Was an der Breite gespart wird, muss in Höhe und Länge investiert werden. Die Seitenteile senken sich auch im Heck kaum ab. Bei den Testfahrten in Jerez fehlten noch die Finnen vor den Seitenkästen. Außer dem kleinen Leitblech vor den Kühleinlässen waren am Ansatz der Seitenkästen nur zwei Halterungen zu sehen. Da wird wohl später noch ein vertikales Leitblech montiert.

Die Kühlung: Ein Rechteck als Einlass

Die Kühleinlässe in den Seitenkästen sind rechteckig und relativ klein. Gegenüber dem Vorjahresmodell hat sich die Komplexität des Antriebsstranges verdreifacht. Unter der Verkleidung des Sauber sind über 40 Elektronikboxen untergebracht, von den 30 gekühlt werden müssen.

Die Luft entweicht hinten rund um das Auspuffendrohr und über gestaffelte Falten an den vorderen Anlenkpunkten der Querlenker der Hinterachse. Schräg hinter dem Cockpit ist eine Reihe Kiemen in die Verkleidung gestanzt. Wer eng baut, muss mehr Luft auslassen, wenn er einen Hitzestau unter der Verkleidung vermeiden will.

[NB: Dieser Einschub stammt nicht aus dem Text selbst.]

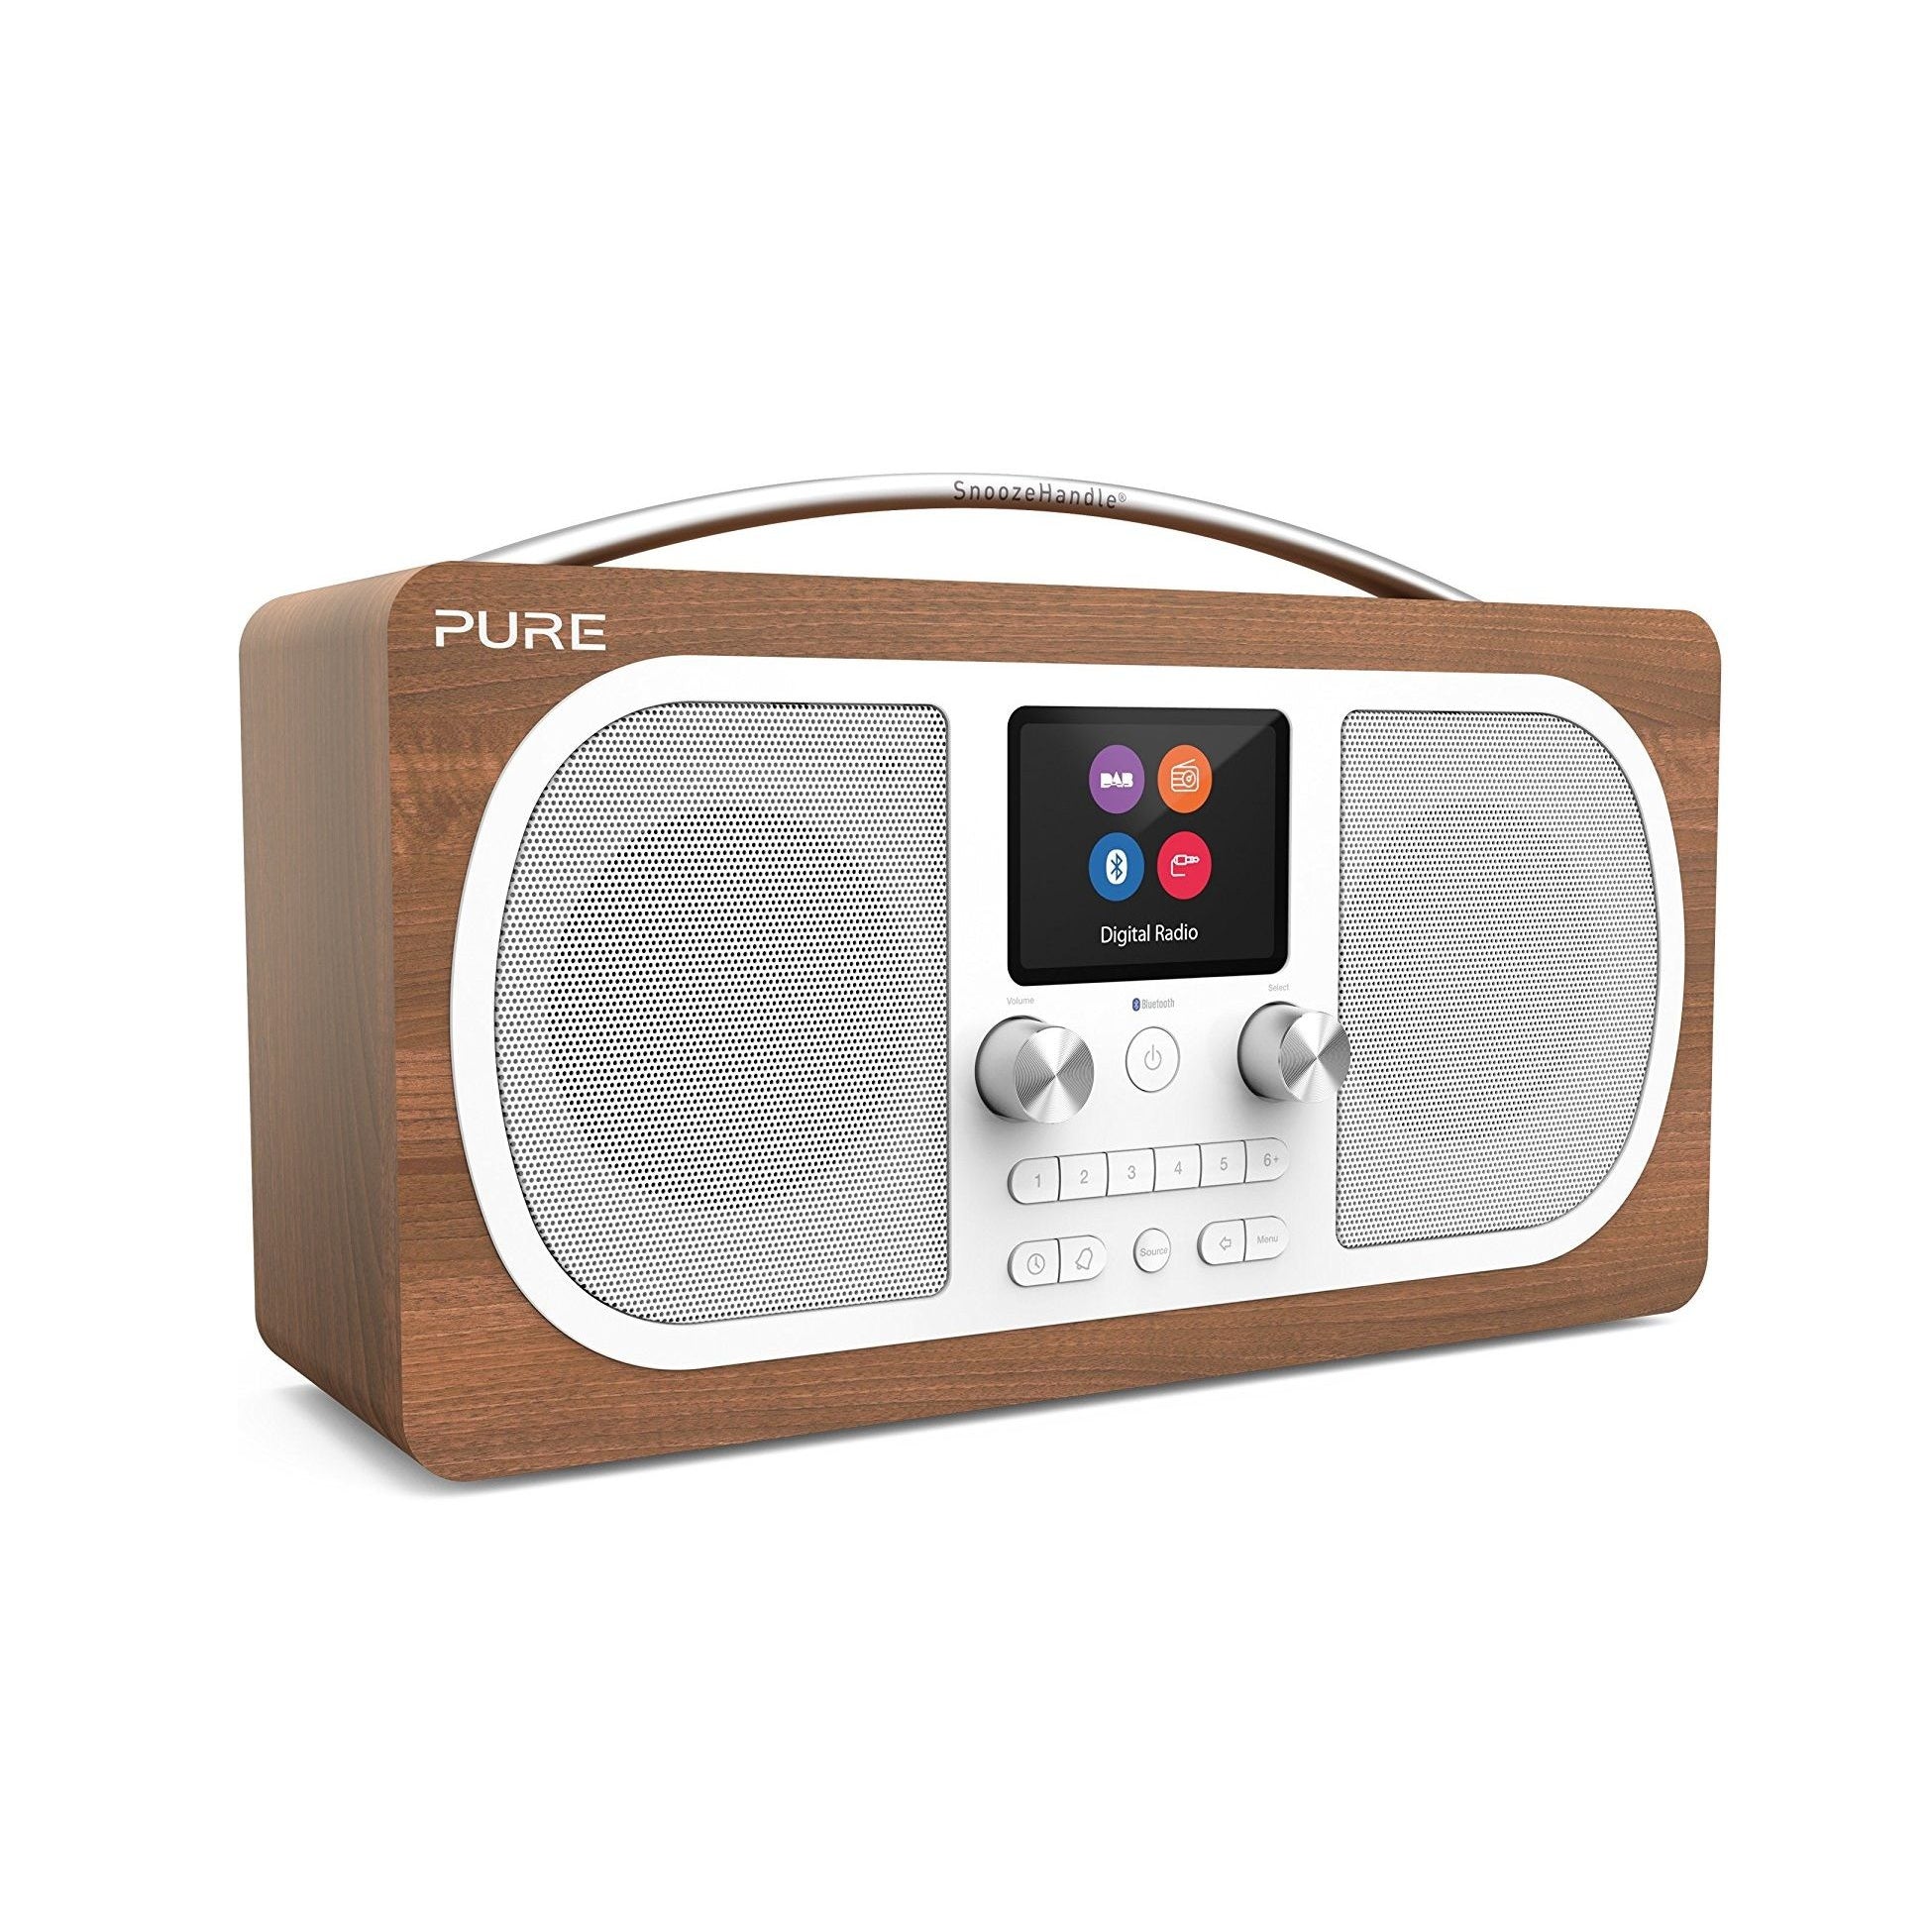 Pure Evoke H6 DAB/DAB+/FM Stereo Bluetooth Radio, Walnut - Refurbished Pristine

Die Flügel: Heckflügel in drei Teilen

Der Frontflügel wirkt nur auf den ersten Blick simpel. Das Hauptblatt ist zweigeteilt. Die Flaps beginnen erst weit außen. An einer zweiten Endplatte ist ein schwertförmiger Flügel montiert, der höher liegt als das Hauptblatt und weit nach innen reicht. Deshalb wirkt der Flügel im Vergleich zum Red Bull oder Mercedes relativ zierlich. In die obere Etage hat Sauber viel Gehirnschmalz investiert. Sie ist dreiteilig und verläuft in zwei unterschiedlichen Ebenen.

Der auf zwei Stelzen stehende Heckflügel besteht aus drei Komponenten. Der Mittelteil wird oben durch zwei Einkerbungen von den beiden äußeren Elementen getrennt. Sie biegen sich stark nach unten und haben im Bereich der Endplatten auch mehr Tiefe. Die Endplatten haben keine vertikalen Schlitze und sind am unteren Ende auch nur dezent ausgefranst. Sauber kündigt für den Bahrain-Test neue Flügel und neue Leitbleche an.

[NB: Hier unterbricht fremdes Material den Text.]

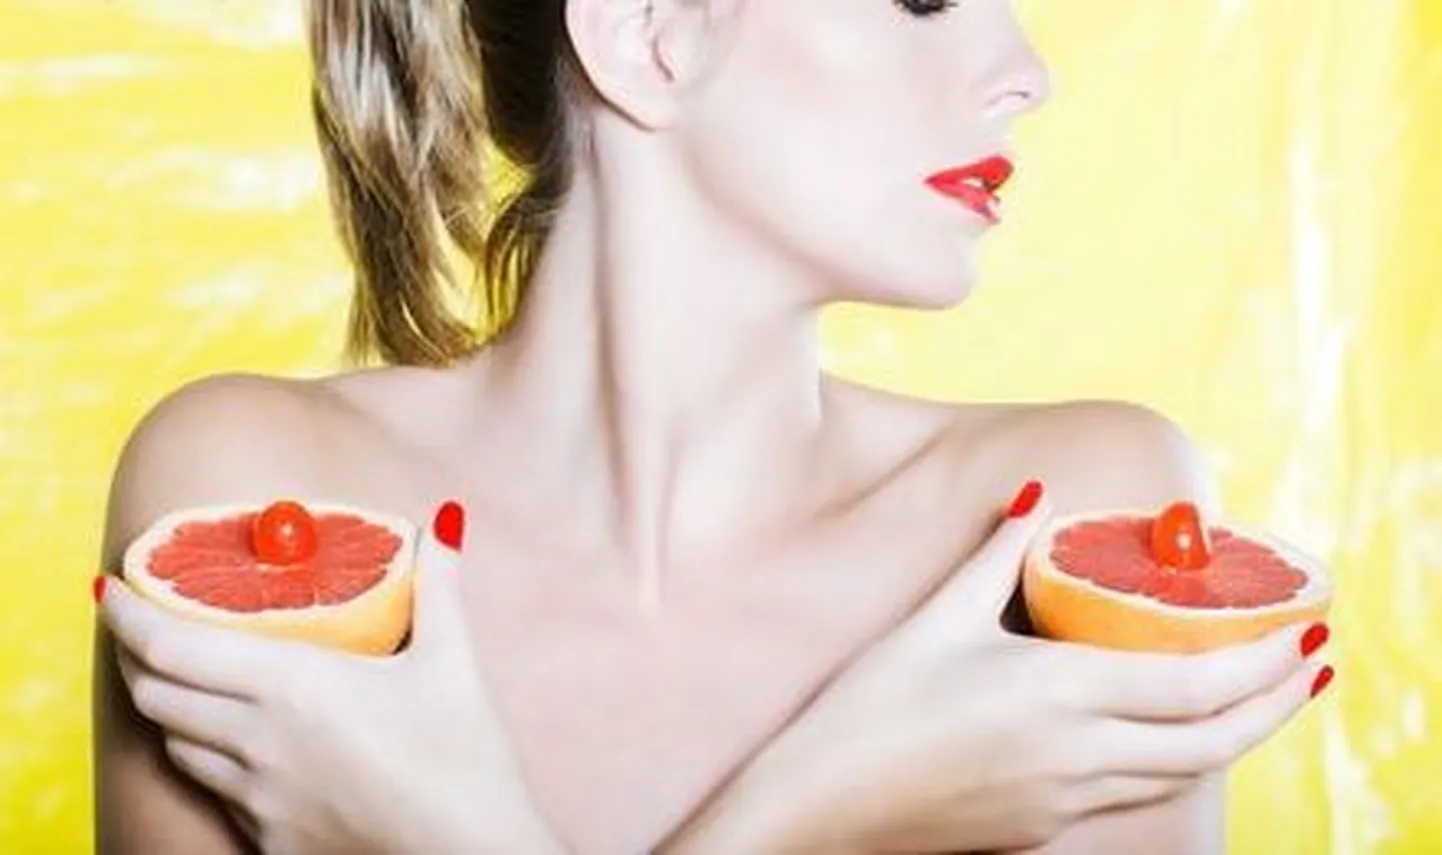 Грейпфрут повышает эффективность лекарств против рака. Иллюстративное фото.

Das Heck: Option für passives DRS

Auch im Heck zeigte sich, dass der Sauber noch nicht fertig war. Die Querlenker der Pullrod-Hinterachse weisen nur ein dezentes Flügelprofil auf. Die hinteren Bremsbelüftungen waren im Vergleich zur Konkurrenz relativ einfach gestrickt. Da hat die Aerodynamikabteilung in Hinwil sicher mehr in der Hinterhand. Gleiches gilt für den siebenteiligen Diffusor. Eine Leiste auf der hinteren Kante fehlte genauso wie ein Flügel direkt über dem Boden.

Der Sauber hatte noch nicht einmal einen "Monkey seat". Dafür waren neben der Finne auf der Airbox zwei kleine Öffnungen zu sehen. Wie Kühleinlässe sieht das nicht aus. Eher wie die Luftzufuhr für ein passives DRS. Sauber zählte neben Lotus und Mercedes zu den drei Teams, die die Entwicklung an dem automatischen Strömungsabriss am Heckflügel nie eingestellt hatten.
 
Fazit Sauber C33: Ein halbfertiges Auto, dem noch Leitbleche und Flügel wachsen werden.